# Your goal
Below are some records. Return exactly the lines from the one with "изготовлен из высококачественного" to the one with "Origami Trivet By Zone Denmark", and nothing else.
------ Extracted material ------
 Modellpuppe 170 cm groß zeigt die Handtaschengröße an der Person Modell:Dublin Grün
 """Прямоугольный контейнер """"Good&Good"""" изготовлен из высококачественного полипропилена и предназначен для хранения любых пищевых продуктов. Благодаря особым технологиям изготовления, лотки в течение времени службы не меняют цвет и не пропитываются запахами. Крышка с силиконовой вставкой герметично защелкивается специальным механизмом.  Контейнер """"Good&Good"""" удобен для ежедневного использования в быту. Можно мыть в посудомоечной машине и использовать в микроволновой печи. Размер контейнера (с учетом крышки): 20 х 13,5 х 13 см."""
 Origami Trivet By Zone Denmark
------
------ Extracted material ------
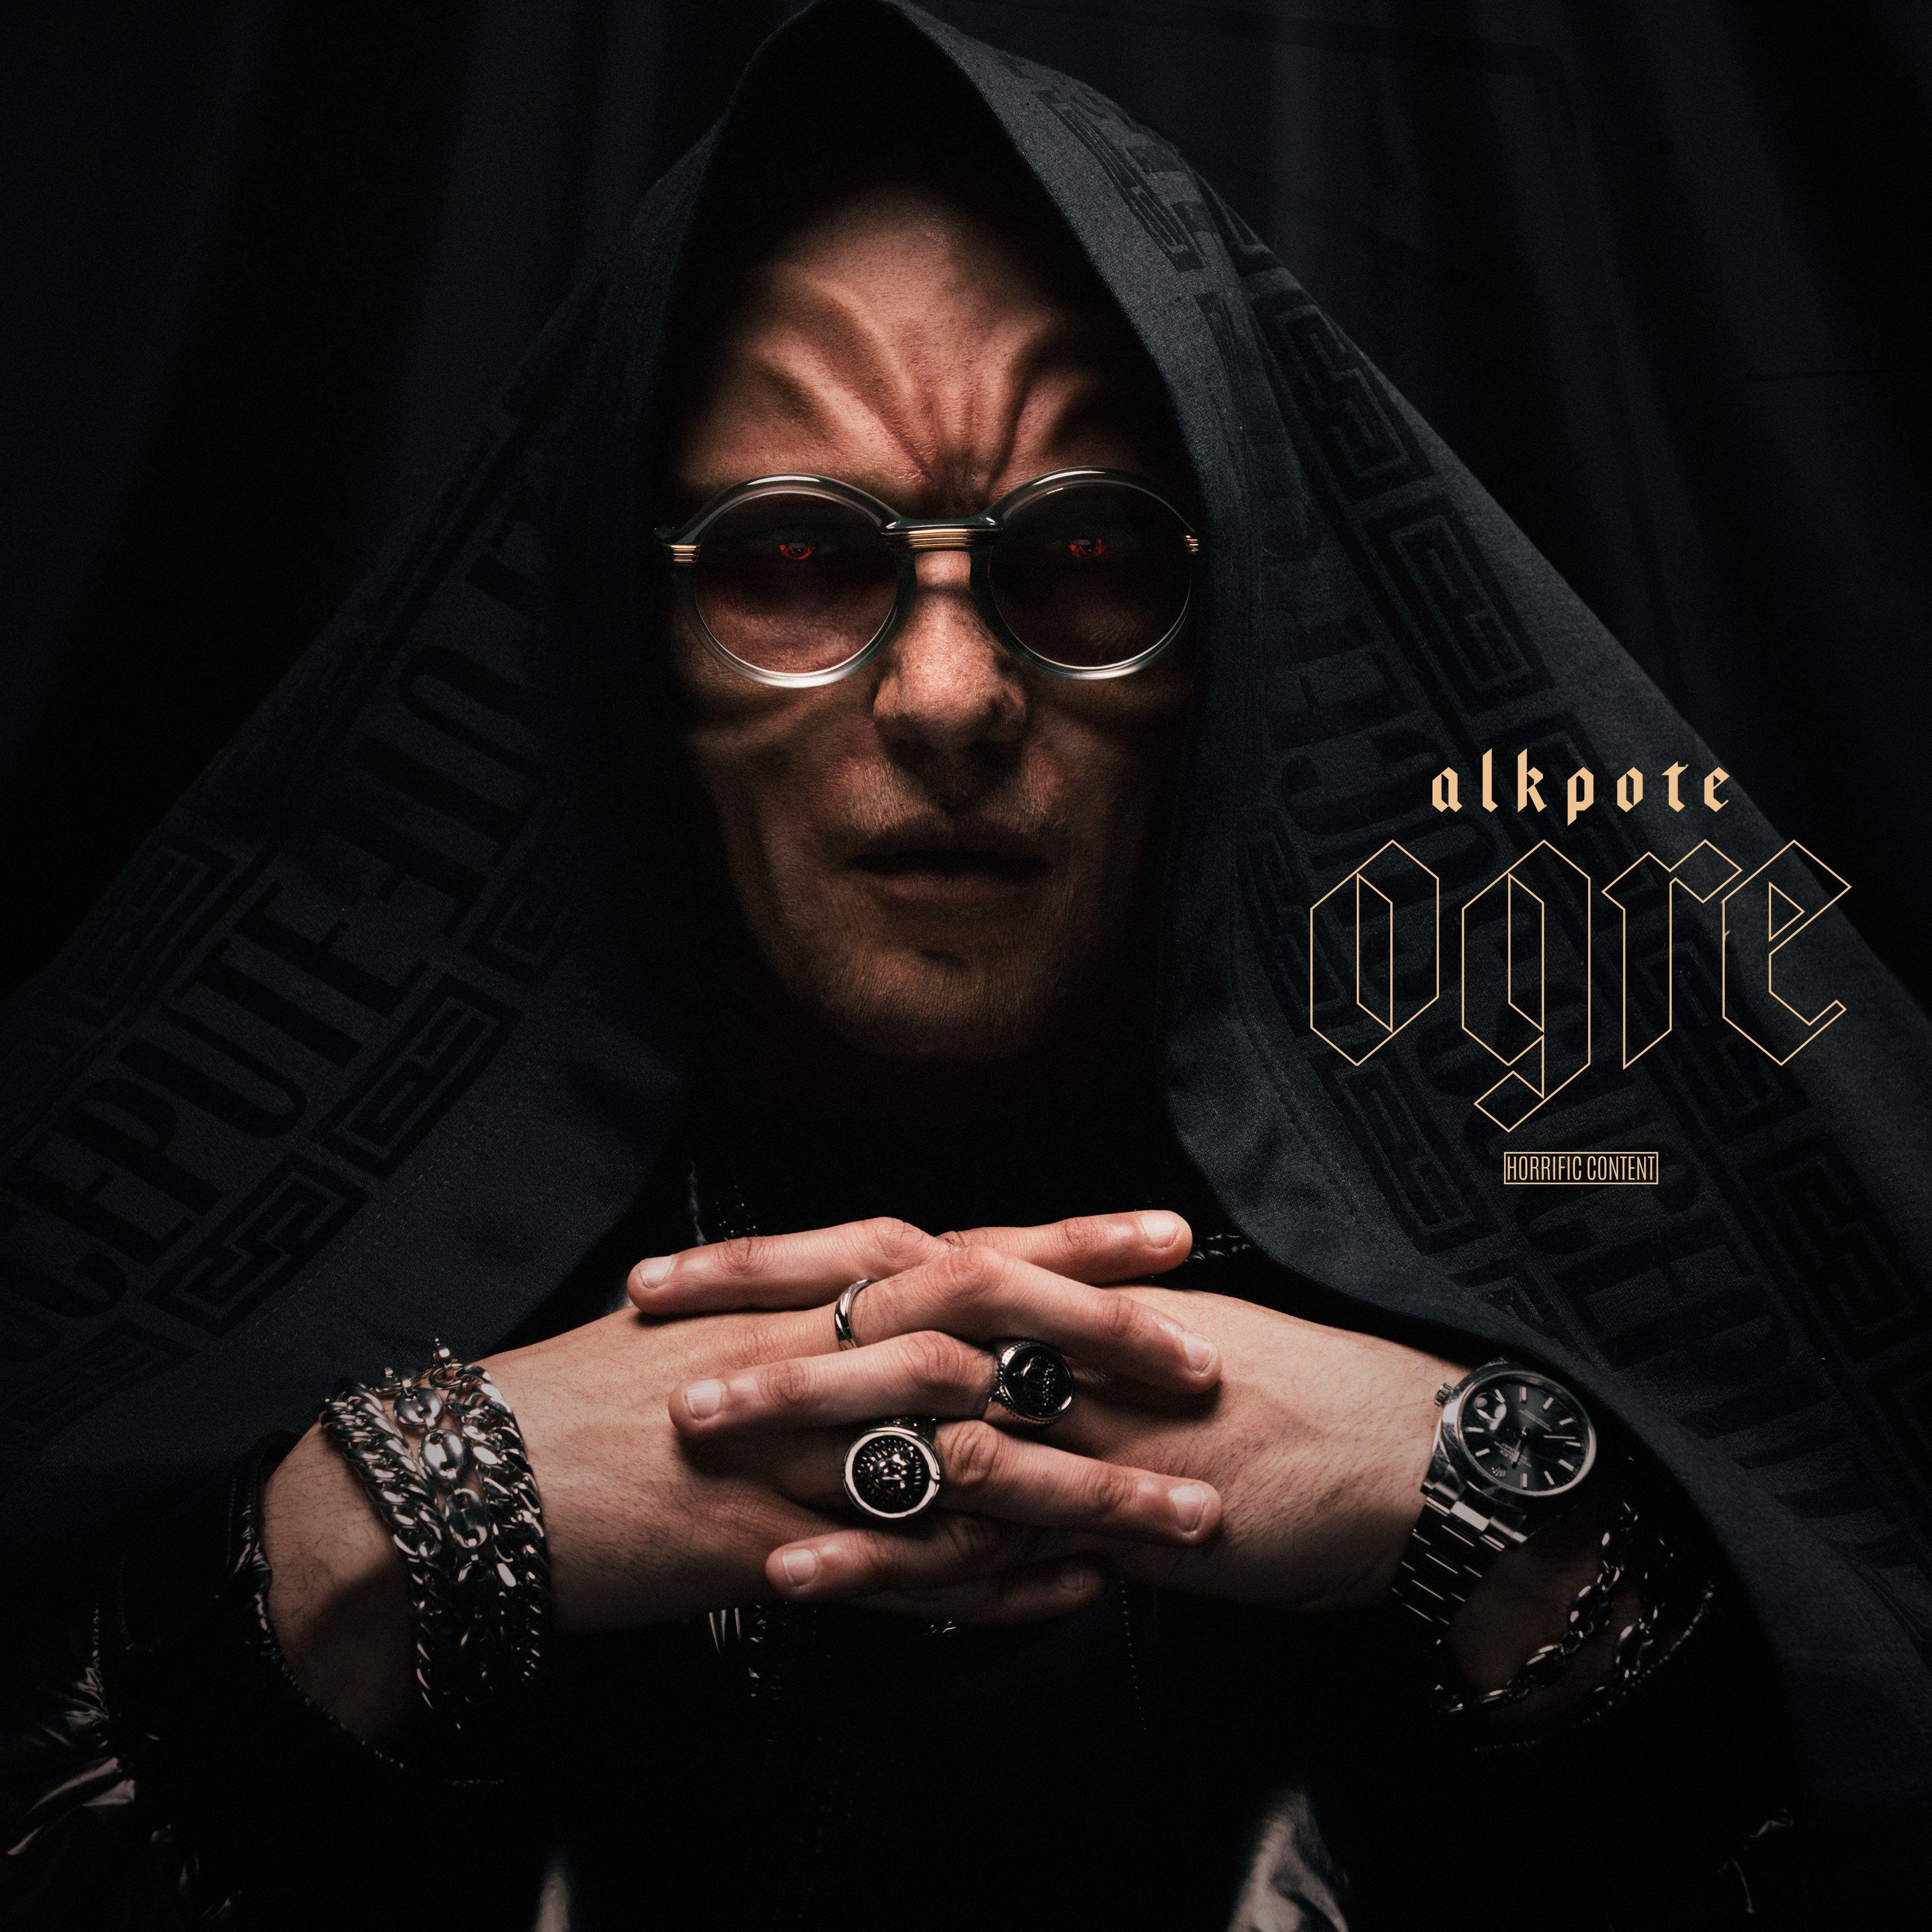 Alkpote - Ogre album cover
------
# Expected answer
 """Прямоугольный контейнер """"Good&Good"""" изготовлен из высококачественного полипропилена и предназначен для хранения любых пищевых продуктов. Благодаря особым технологиям изготовления, лотки в течение времени службы не меняют цвет и не пропитываются запахами. Крышка с силиконовой вставкой герметично защелкивается специальным механизмом.  Контейнер """"Good&Good"""" удобен для ежедневного использования в быту. Можно мыть в посудомоечной машине и использовать в микроволновой печи. Размер контейнера (с учетом крышки): 20 х 13,5 х 13 см."""
 Origami Trivet By Zone Denmark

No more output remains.